<<<<

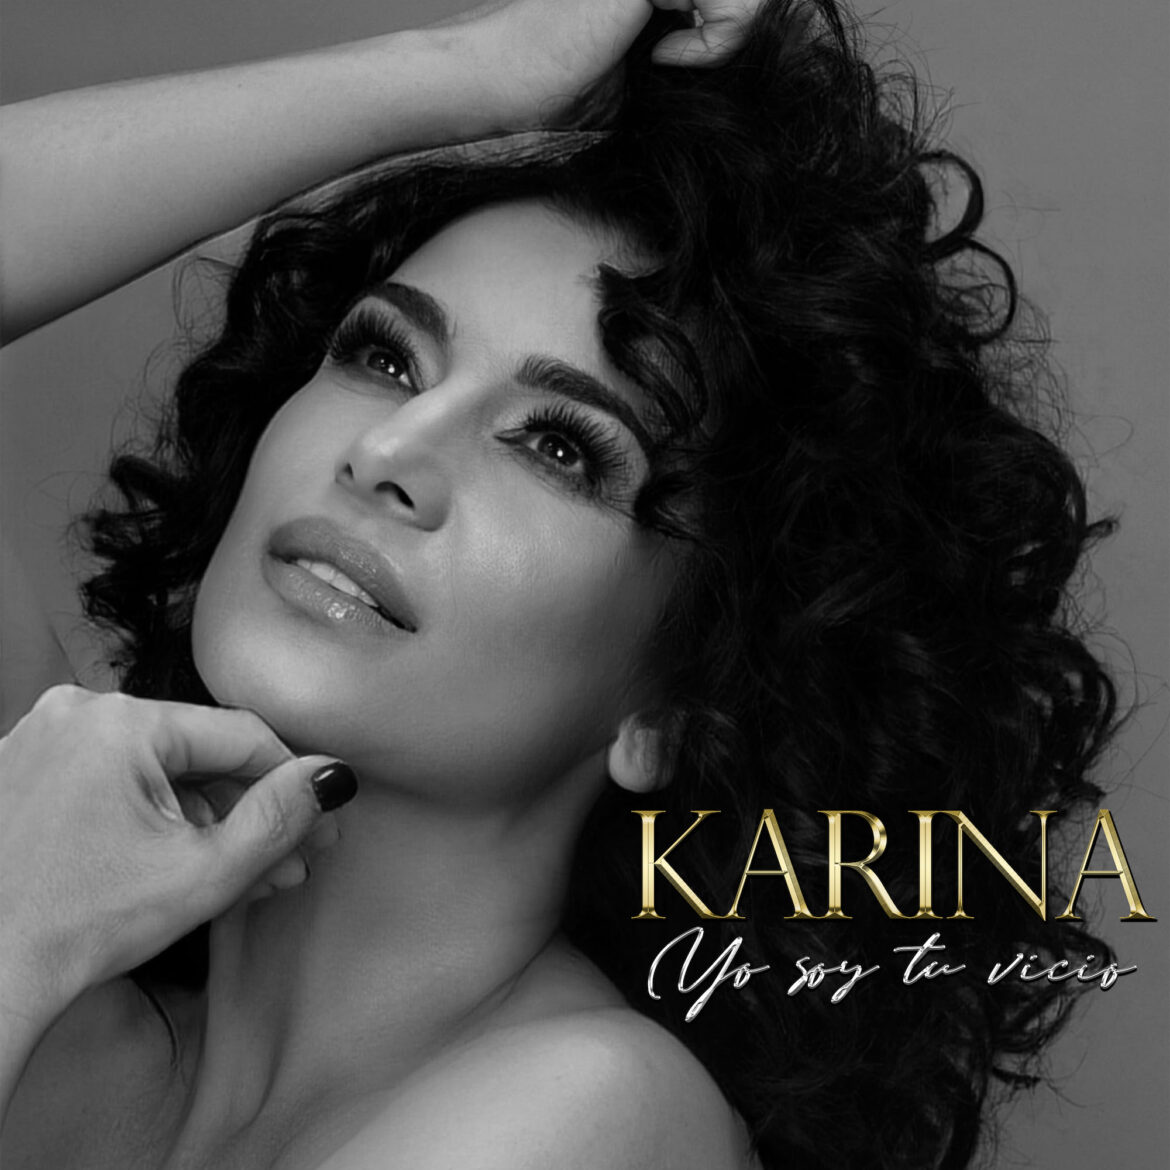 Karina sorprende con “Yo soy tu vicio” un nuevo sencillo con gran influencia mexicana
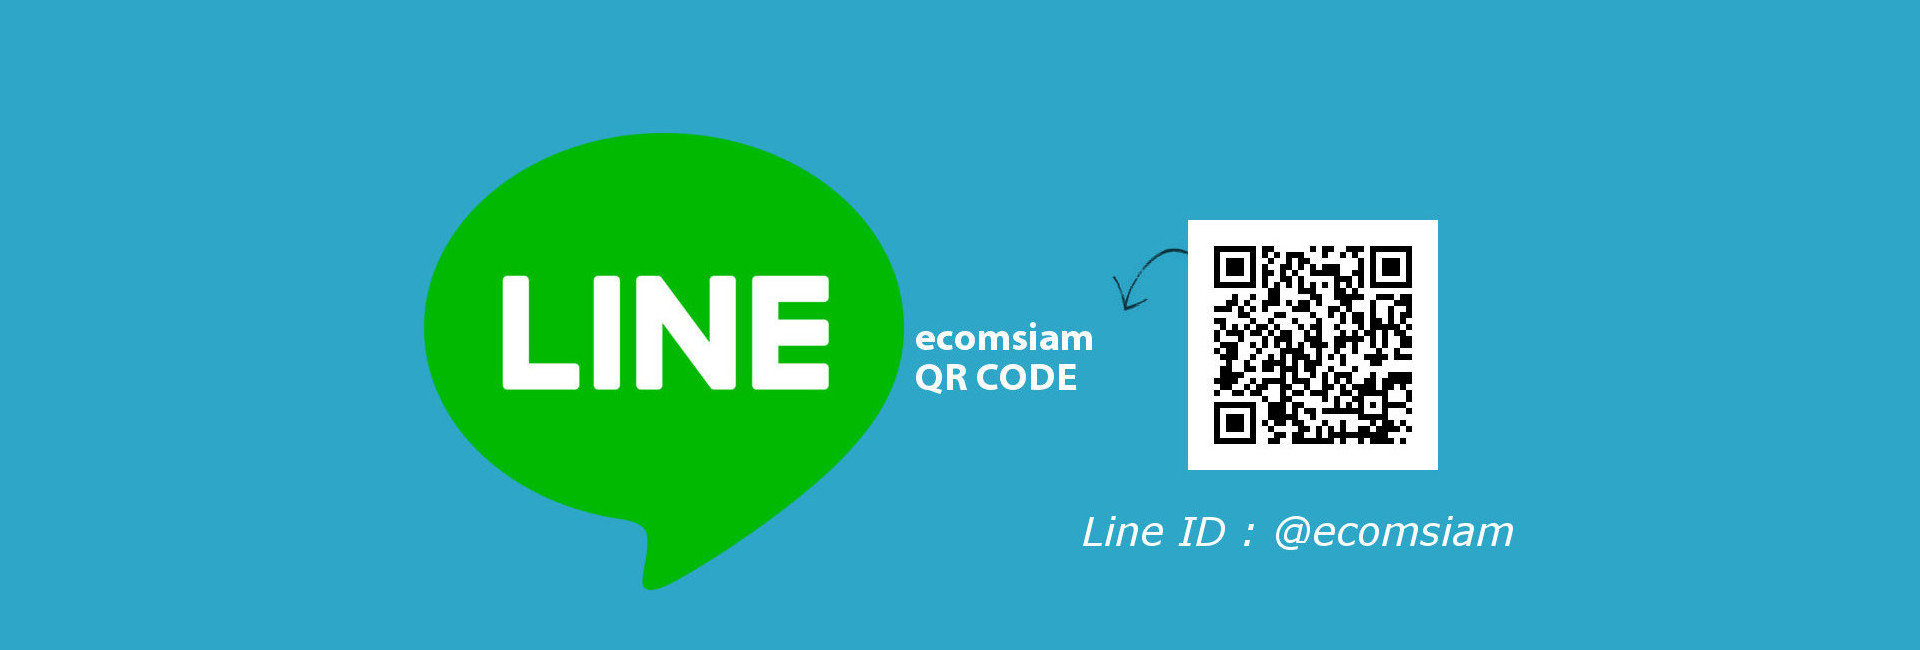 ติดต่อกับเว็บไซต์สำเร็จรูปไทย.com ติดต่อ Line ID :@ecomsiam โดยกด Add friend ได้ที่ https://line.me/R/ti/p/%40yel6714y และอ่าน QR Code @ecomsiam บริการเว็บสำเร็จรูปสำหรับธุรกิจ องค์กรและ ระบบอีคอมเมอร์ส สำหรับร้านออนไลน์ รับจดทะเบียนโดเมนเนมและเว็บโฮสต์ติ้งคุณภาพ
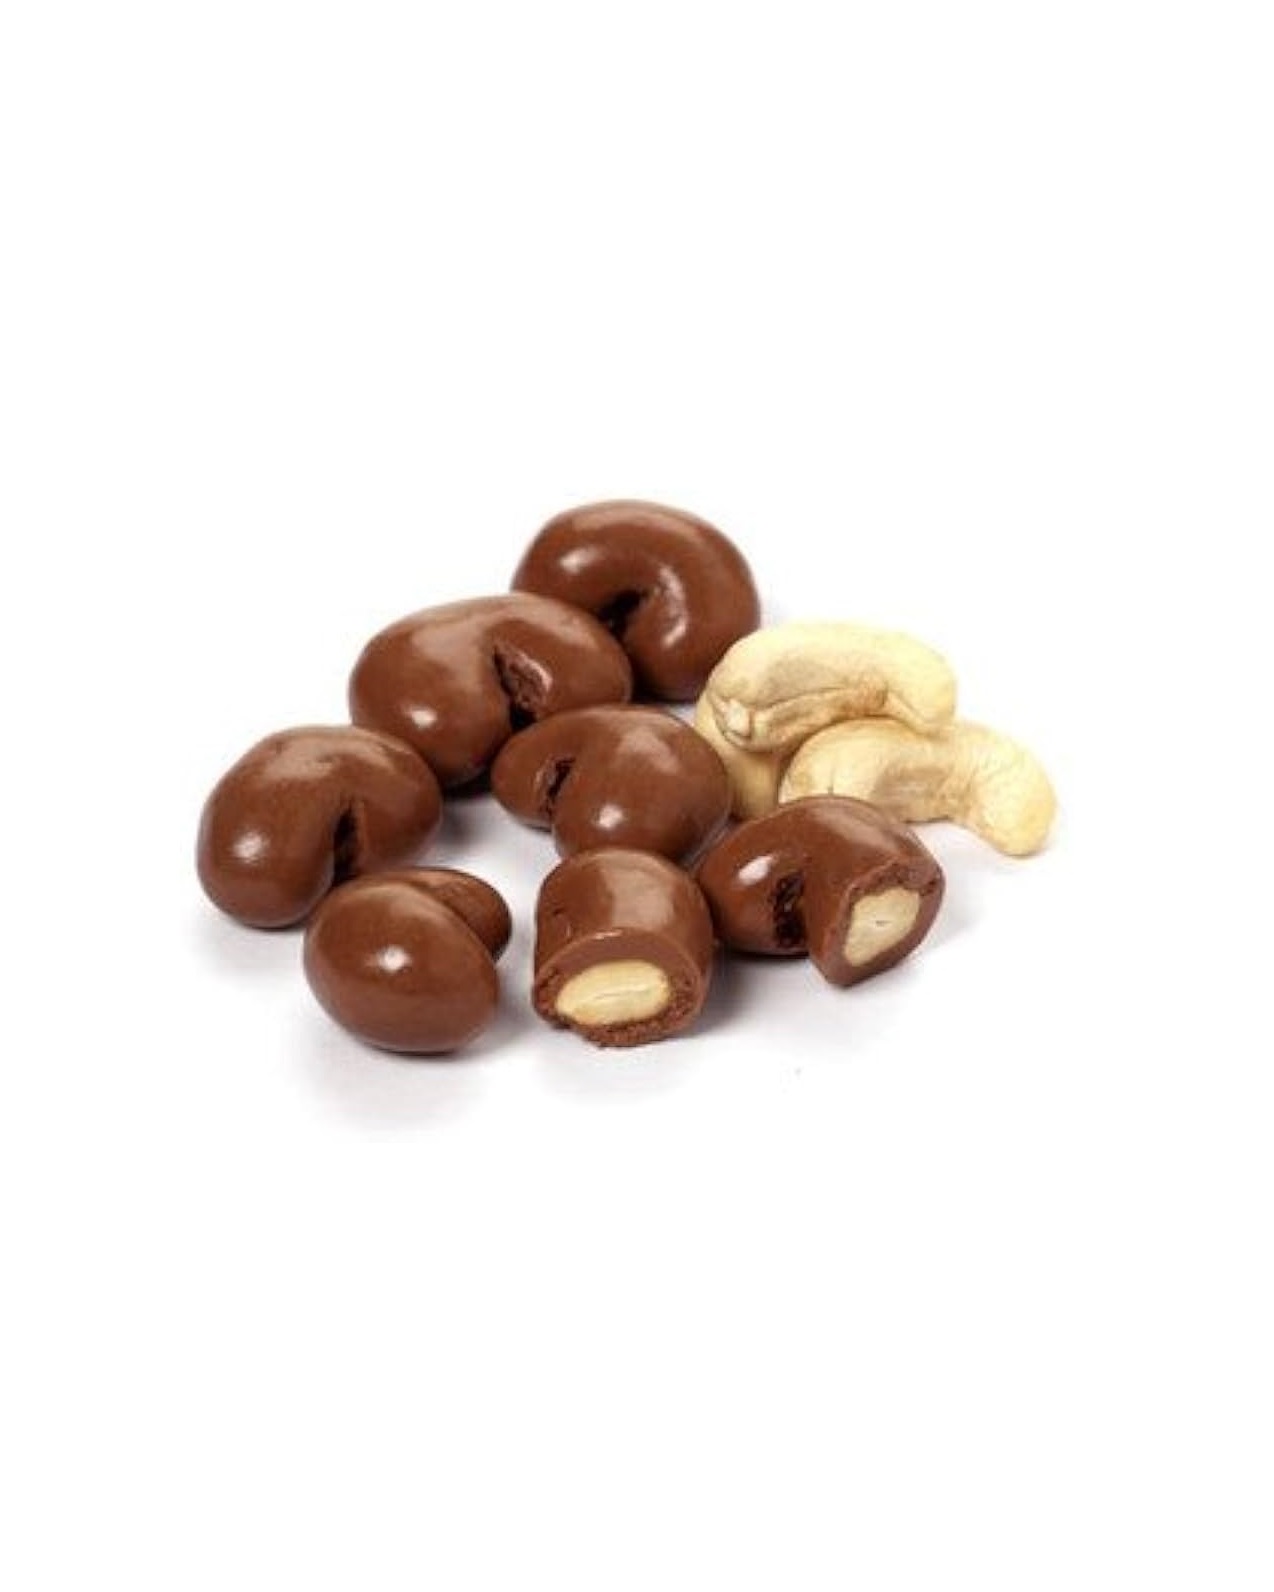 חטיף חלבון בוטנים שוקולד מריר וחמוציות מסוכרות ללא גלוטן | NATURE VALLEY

>>>>

* _THE PROBLEM_
When you retype the data above, match every line exactly and leave the pictures behind.

* _EXERCISE OUTPUT_
 Karina sorprende con “Yo soy tu vicio” un nuevo sencillo con gran influencia mexicana
 ติดต่อกับเว็บไซต์สำเร็จรูปไทย.com ติดต่อ Line ID :@ecomsiam โดยกด Add friend ได้ที่ https://line.me/R/ti/p/%40yel6714y และอ่าน QR Code @ecomsiam บริการเว็บสำเร็จรูปสำหรับธุรกิจ องค์กรและ ระบบอีคอมเมอร์ส สำหรับร้านออนไลน์ รับจดทะเบียนโดเมนเนมและเว็บโฮสต์ติ้งคุณภาพ
 חטיף חלבון בוטנים שוקולד מריר וחמוציות מסוכרות ללא גלוטן | NATURE VALLEY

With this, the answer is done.